Tuesday, January 1, 2013

Idle hands

SO I Personally know that I have a certain amount of ADD.  I have spent years concealing it.  I can "multitask" like a mofo!  but if truth be told I just have ADD.   I know it,  you know it  - geez, anyone who's spent 5 minutes working with me knows I try to hide it but, well, I do.  YET, If I don't care about what I'm doing I won't succeed.  If I care - I mean really CARE I'll freaking rock the hell out of it.

But I have a certain amount of "oh look a chicken!"   Frankly that is part of why I'm not sitting in the faux leather (aka vinyl) chair any longer.  I don't care about Ufst.  I cared about the people.  I paid them.  I didn't care about the company that f'd us over repeatedly.  we were the quintessential "RED HEADED STEPCHILDREN!" I don't actually care about the details since I've gone - Okay that's a huge lie.  I care.  I am me after all.  I just can't afford to care.  personally.  I don't have that much in my emotional bank.

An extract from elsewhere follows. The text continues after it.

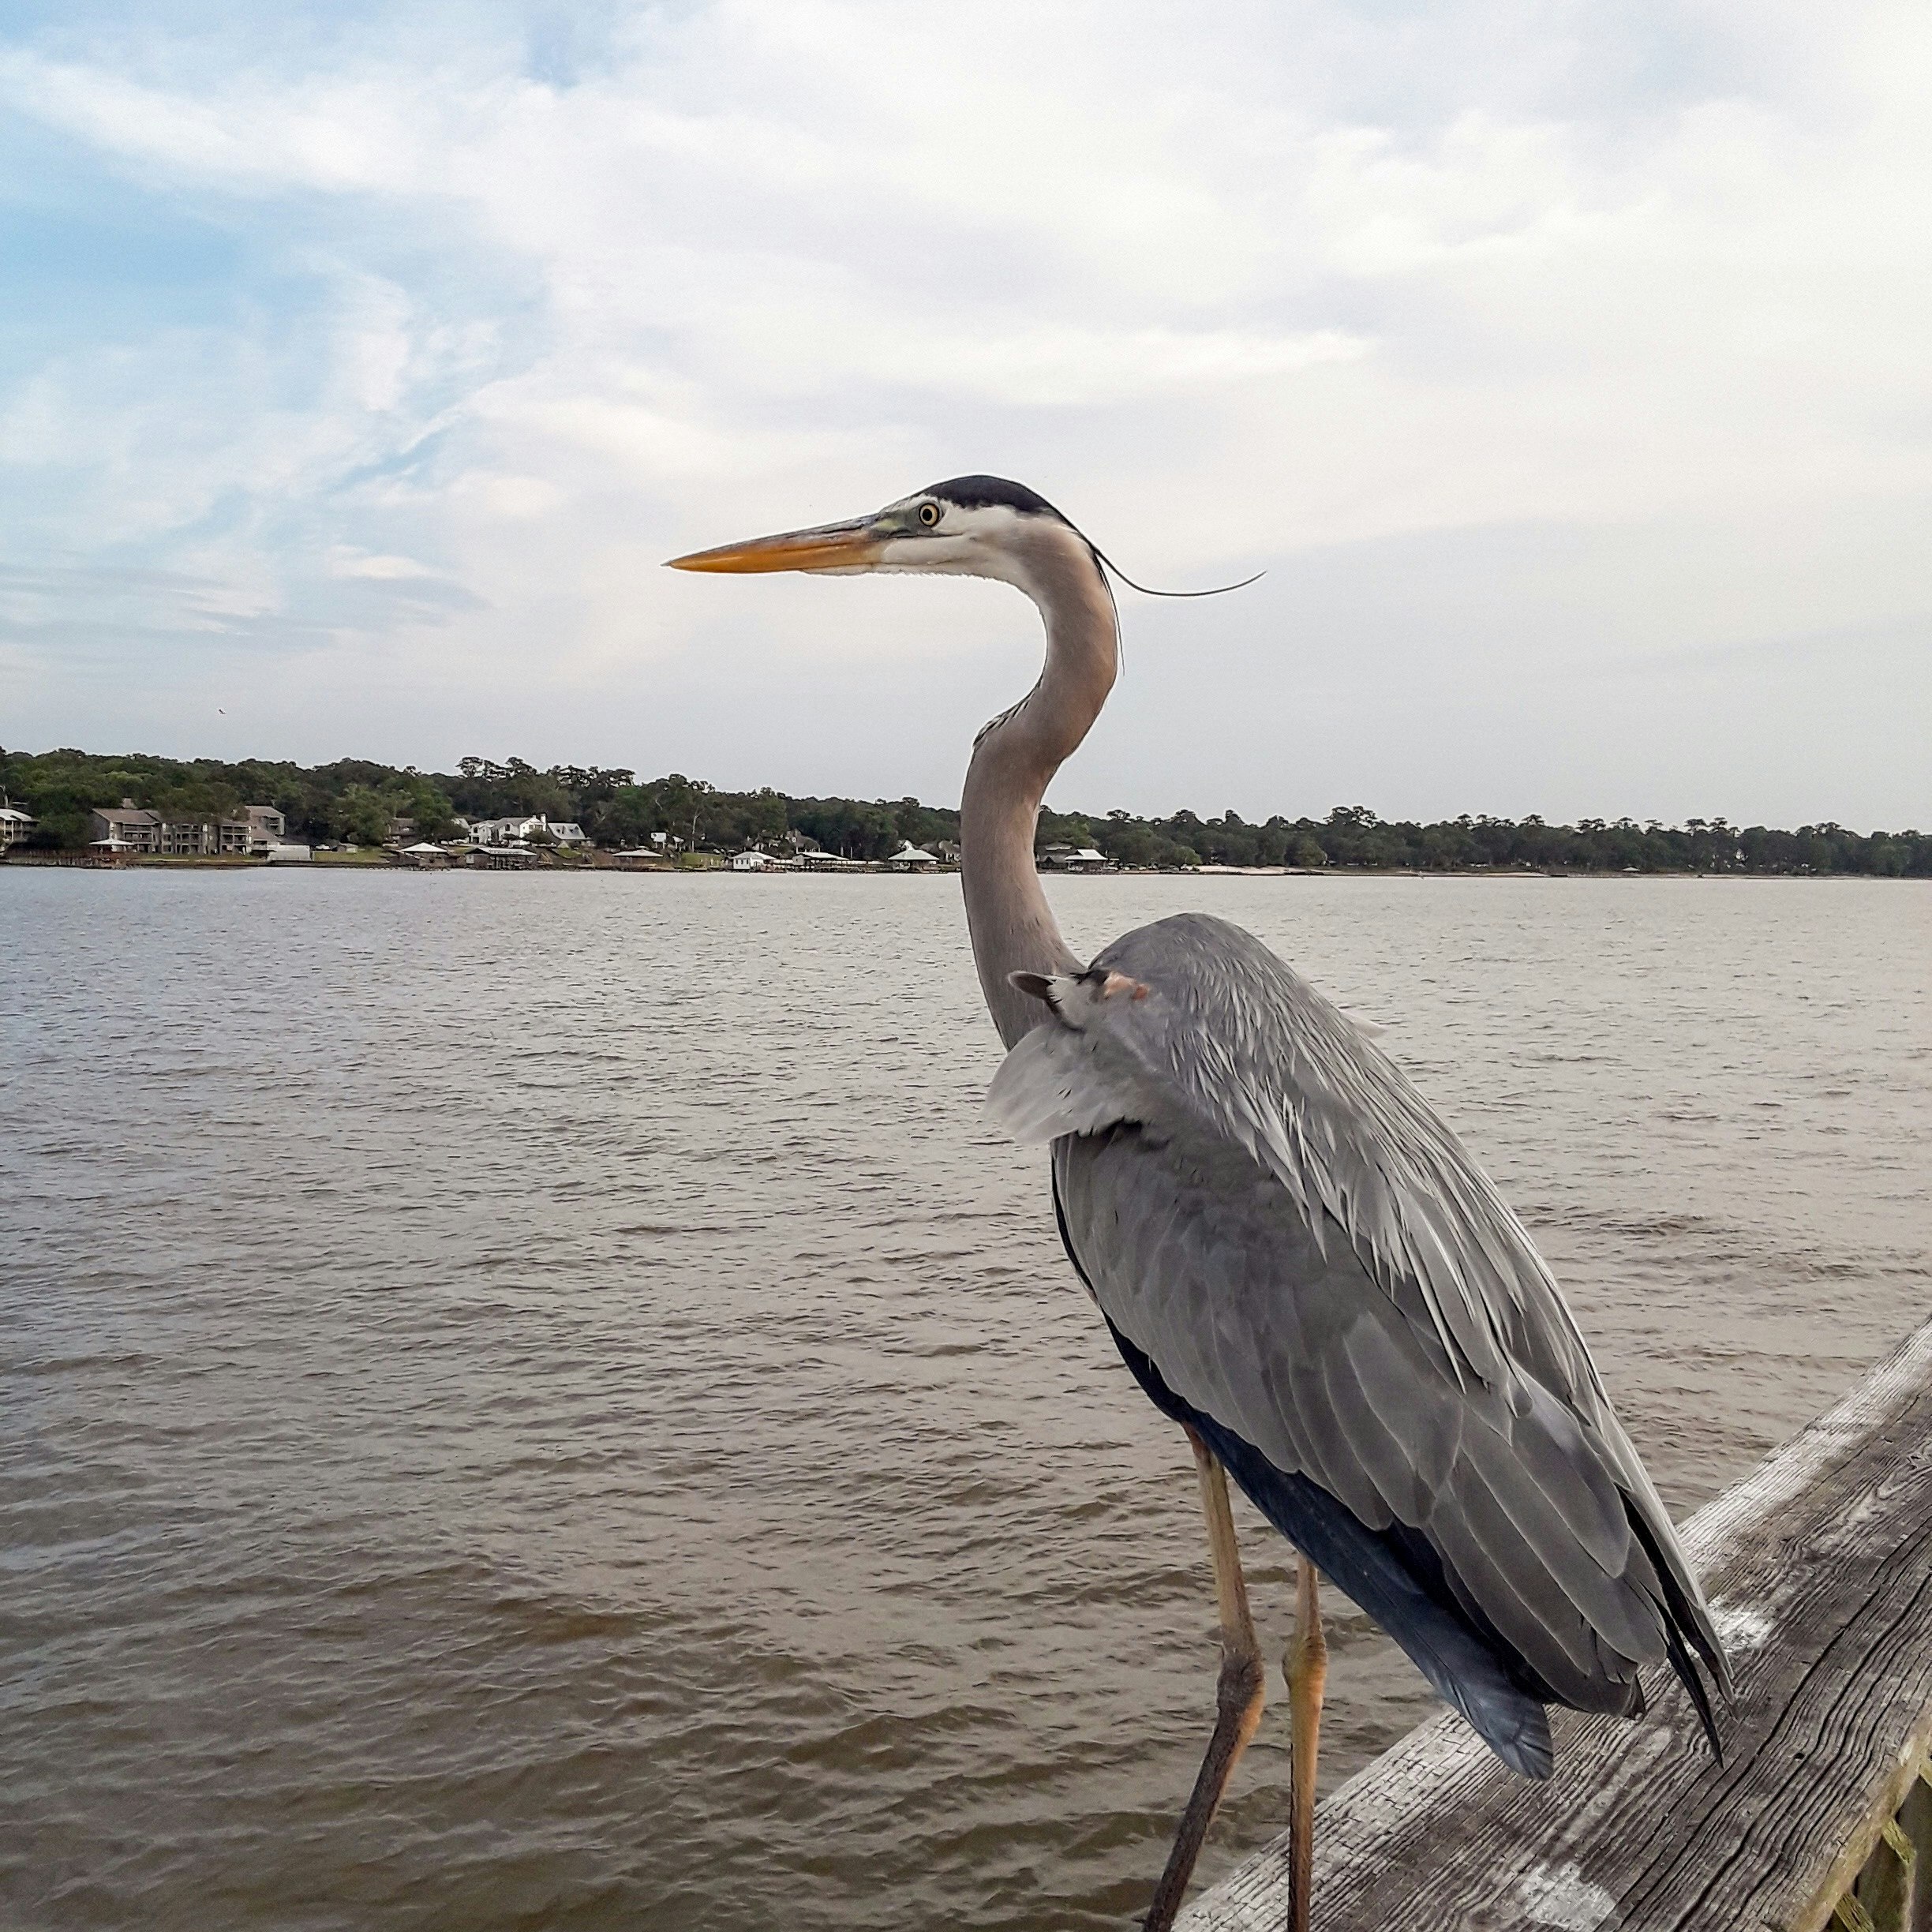 Blue Heron at Fairhope Pier on Mobile Bay, Alabama

but - how do I do.  nothing.  quit. done. cut - as they say loose.  I have ten thousand tons of yarn  - beads and crafts to last a lifetime of Sundays.  and yet.  I'm lost.  TODAY I knit a bit and ran and now I'm writing but I'm forcing it.  I guess it's just shock.  I try to always earn my keep.  I cleaned like a crazy person.

I realize I don't need to justify my existence -  since this was a mutual decision to quit Ufst.   but still - I'm me and well,  Idle hands are - well, some one's nasty sandbox - or something :D . . . but really I can't just stop.  you know, being me.  I'm uber driven to move.  conquer. control. drive. write. create. inspire. ignite.  . .  ignite.  yes.  that is the word.  I want to ignite.  that is my word for the year.  2013.  let me ignite you.